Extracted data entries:
--*--
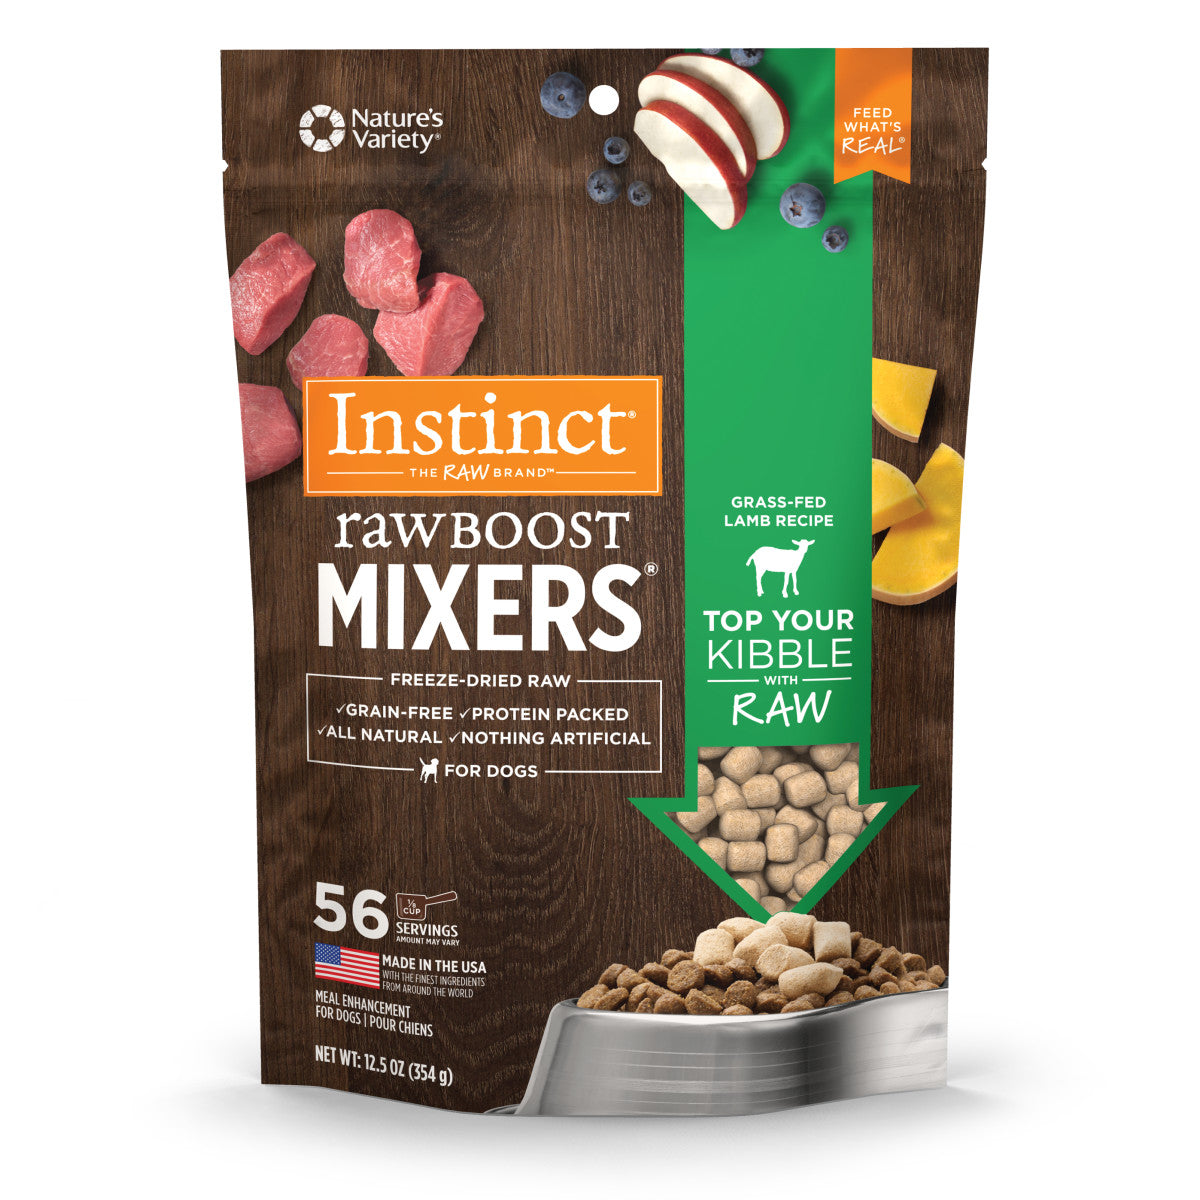 Instinct - Raw Boost Mixers Grass-Fed Lamb Recipe
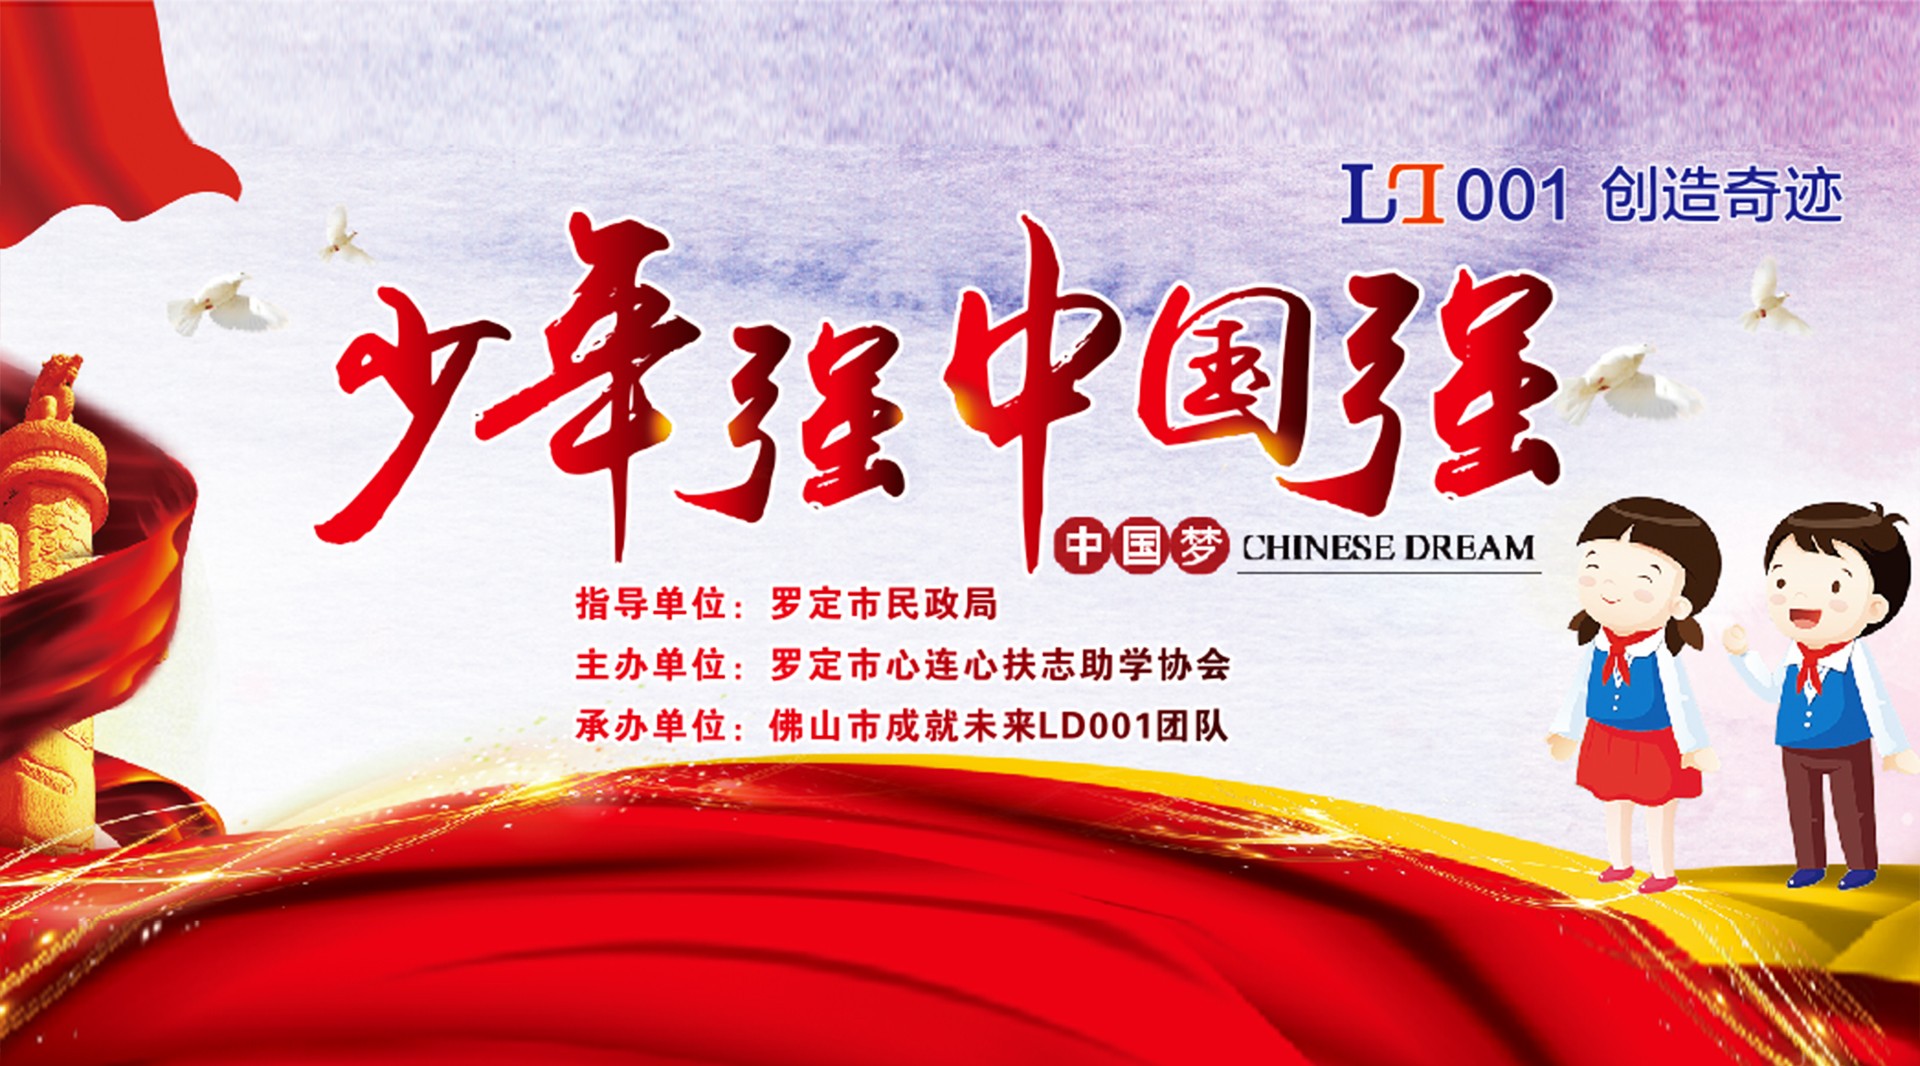 少年强中国强大型公益活动-LD001创造奇迹 
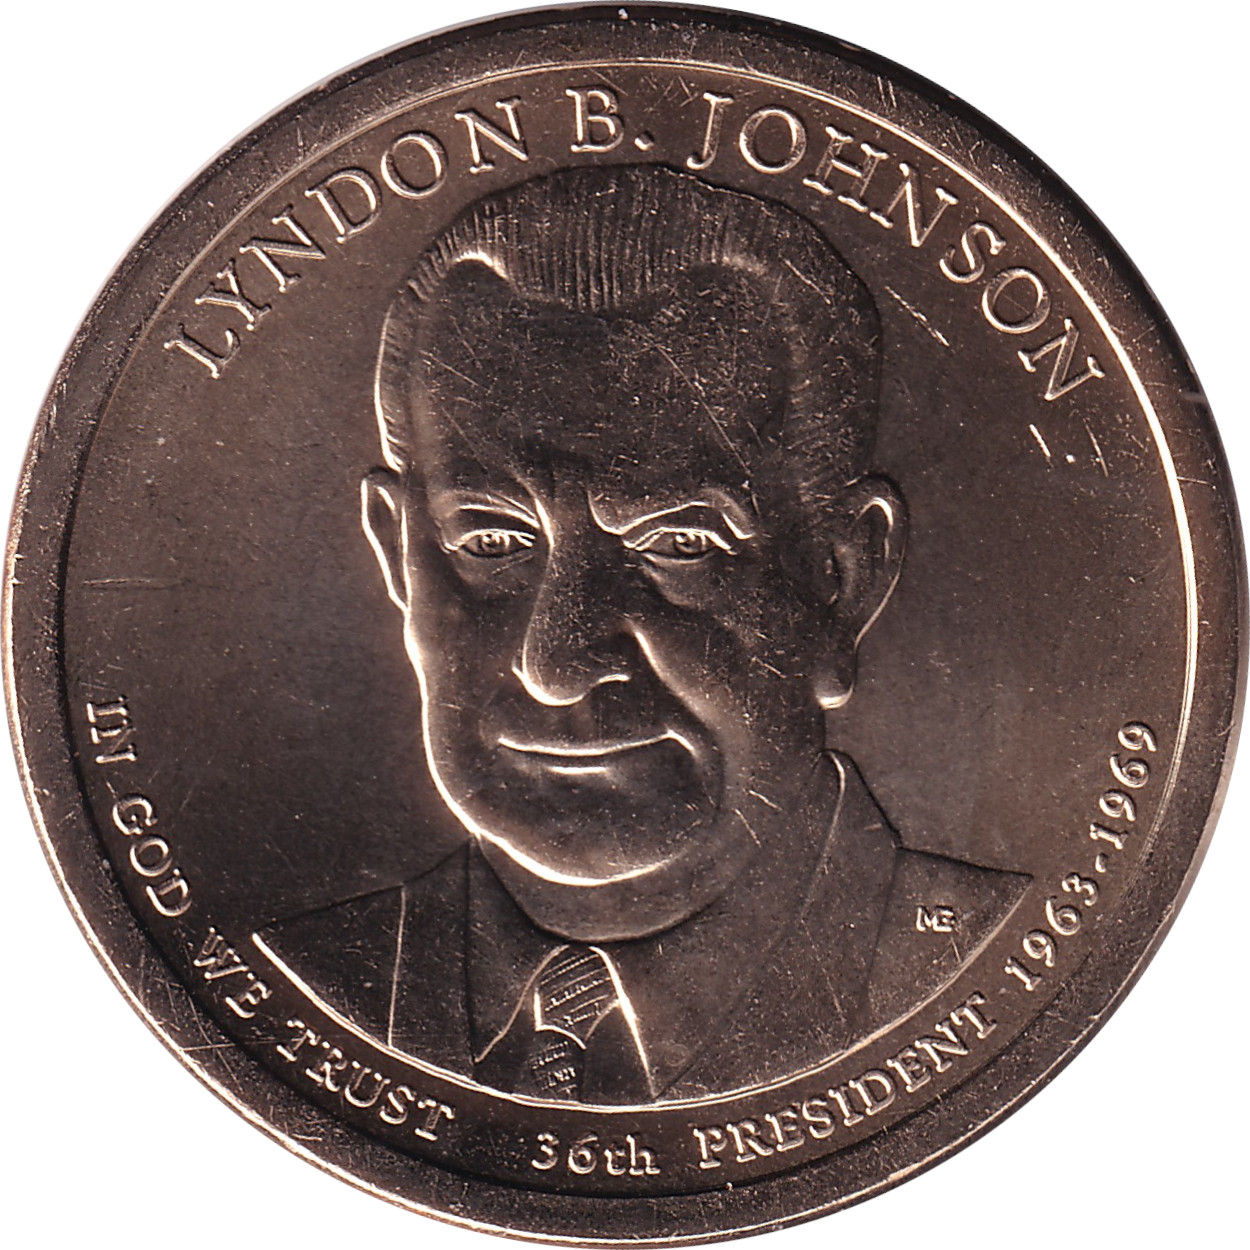 1 dollar - Lindon B. Johnson
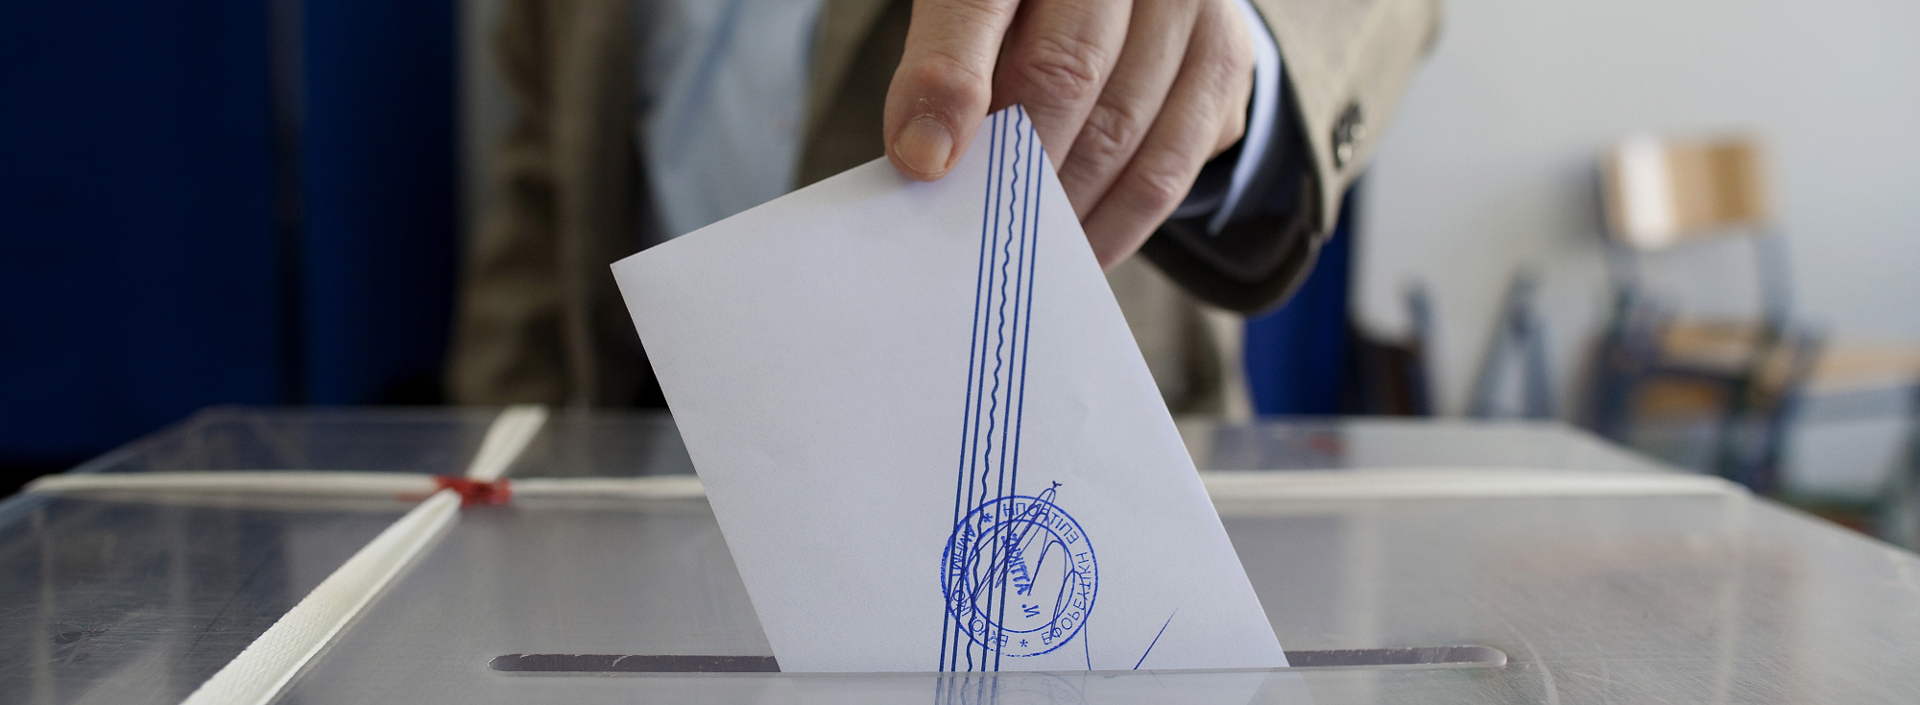 Αποτελέσματα Εθνικών Εκλογών 2019: Oι 3 βουλευτές που εκλέγονται στον νομό Ροδόπης
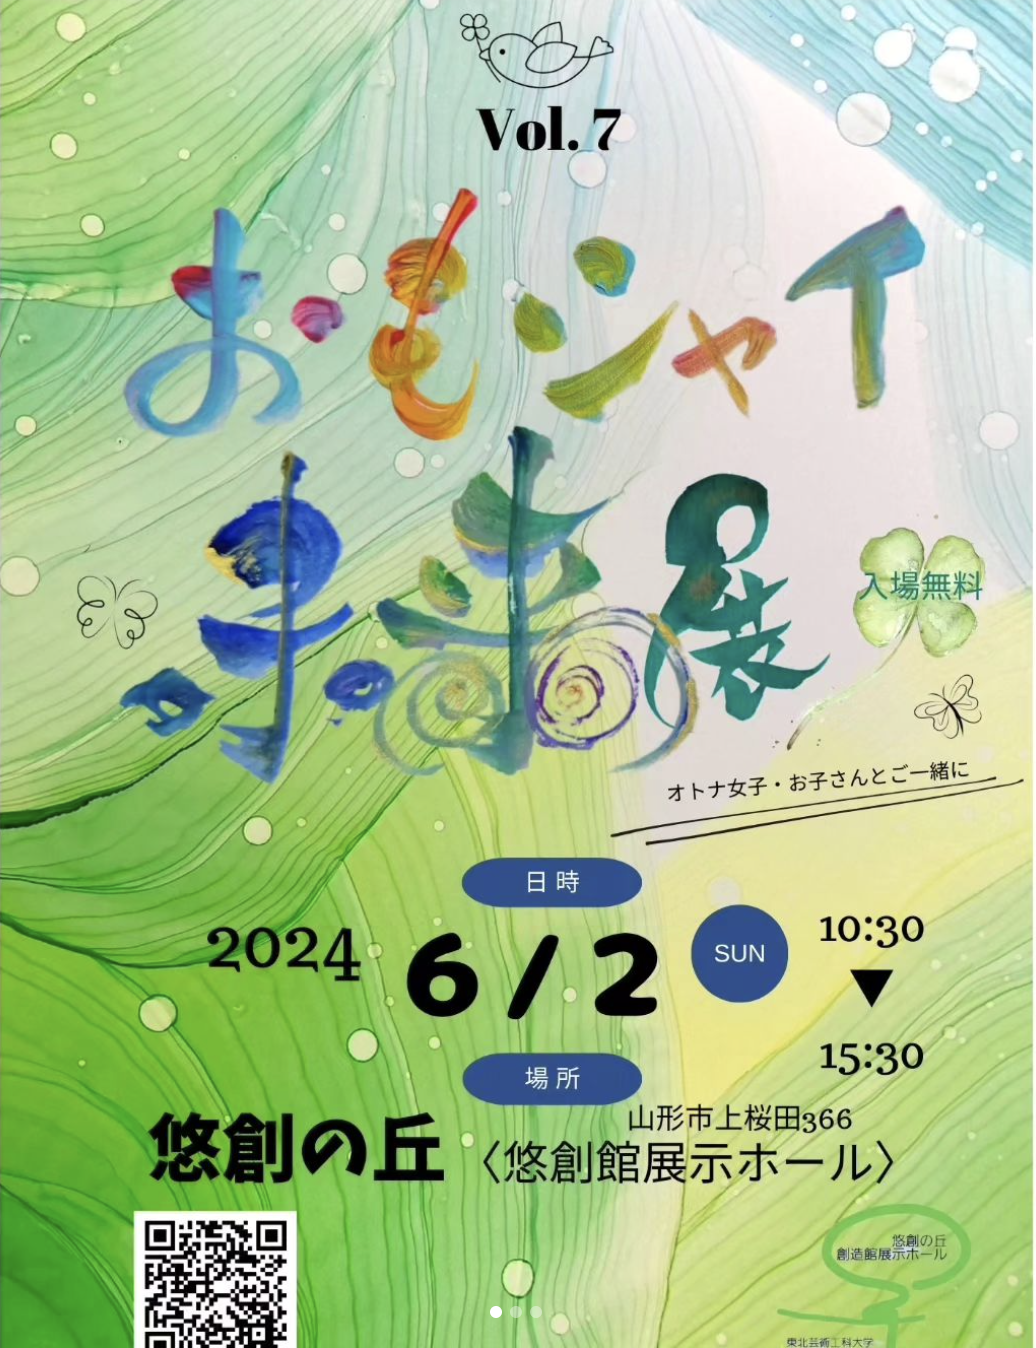 【山形イベント情報6/2】おもシャイ未来展 Vol.7が開催
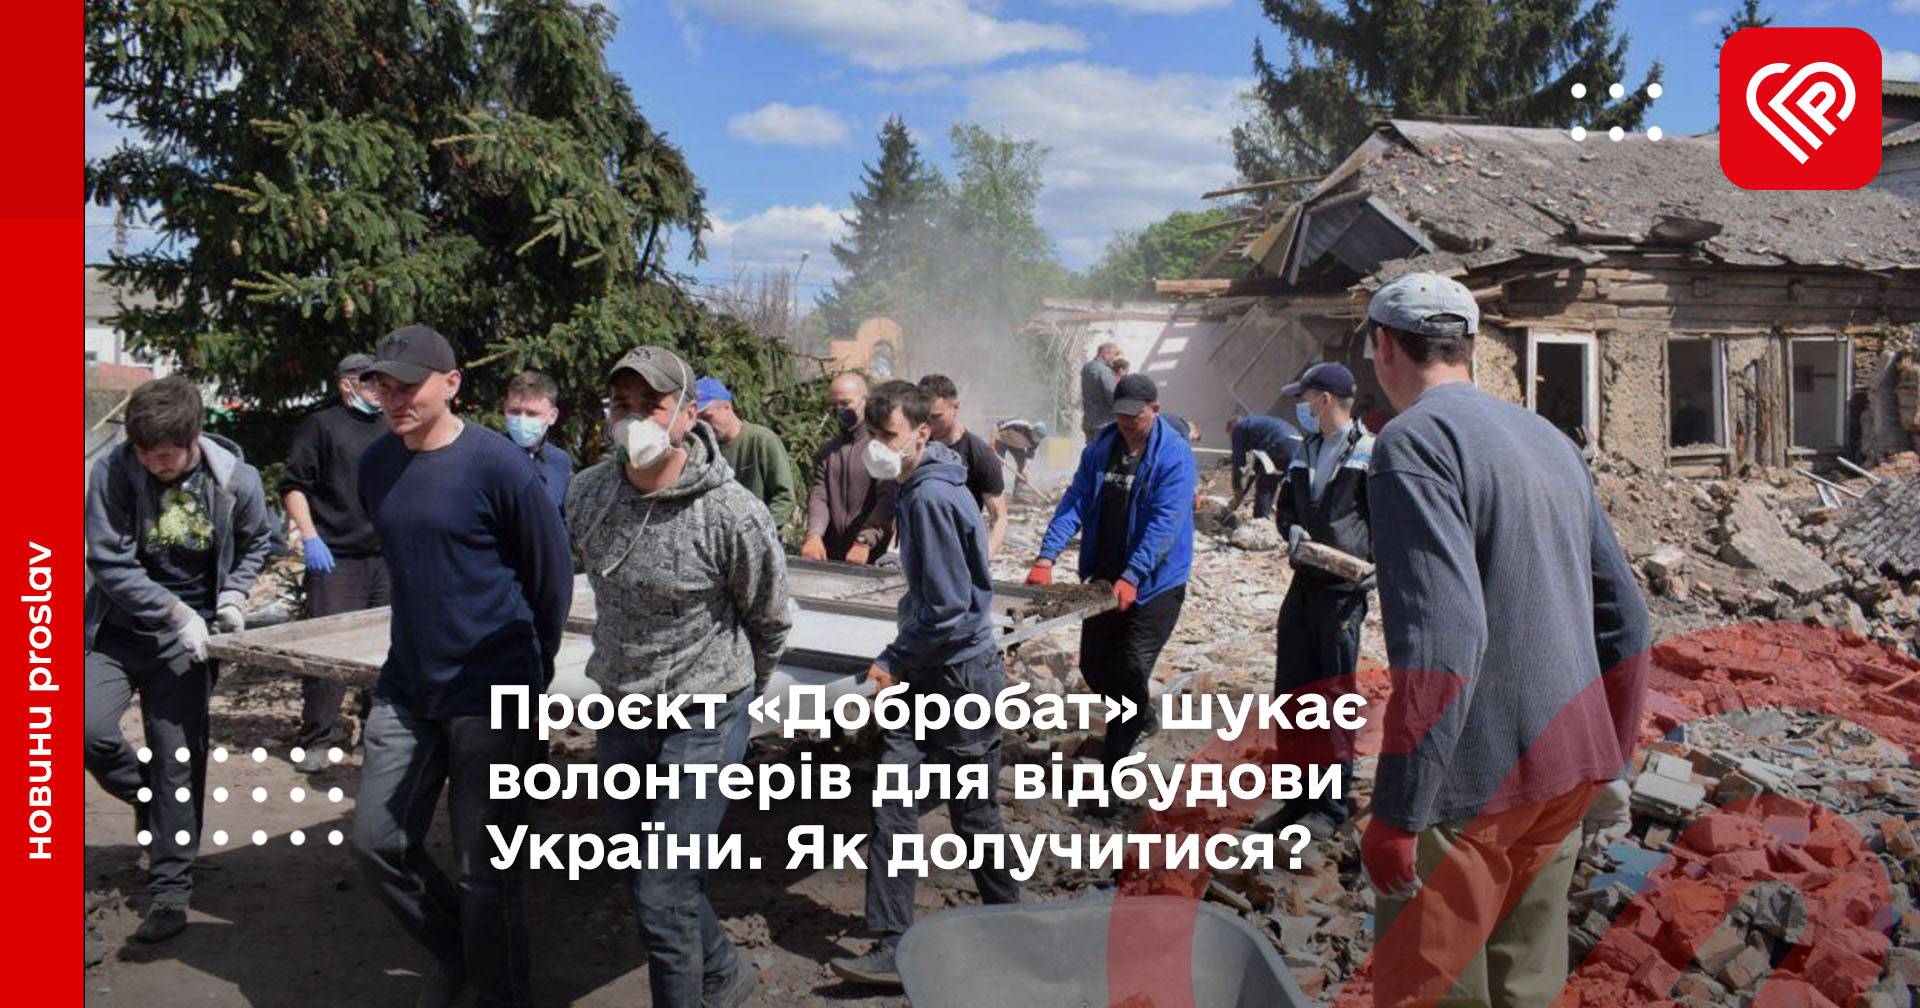 Проєкт «Добробат» шукає волонтерів для відбудови України. Як долучитися?
--*--
Task prompt =
All lines from the one containing "1 dollar - Lindon B. Johnson" through the end of the entries above must be given again exactly, with every picture omitted.

Written response =
 1 dollar - Lindon B. Johnson
 Αποτελέσματα Εθνικών Εκλογών 2019: Oι 3 βουλευτές που εκλέγονται στον νομό Ροδόπης
 【山形イベント情報6/2】おもシャイ未来展 Vol.7が開催
 Проєкт «Добробат» шукає волонтерів для відбудови України. Як долучитися?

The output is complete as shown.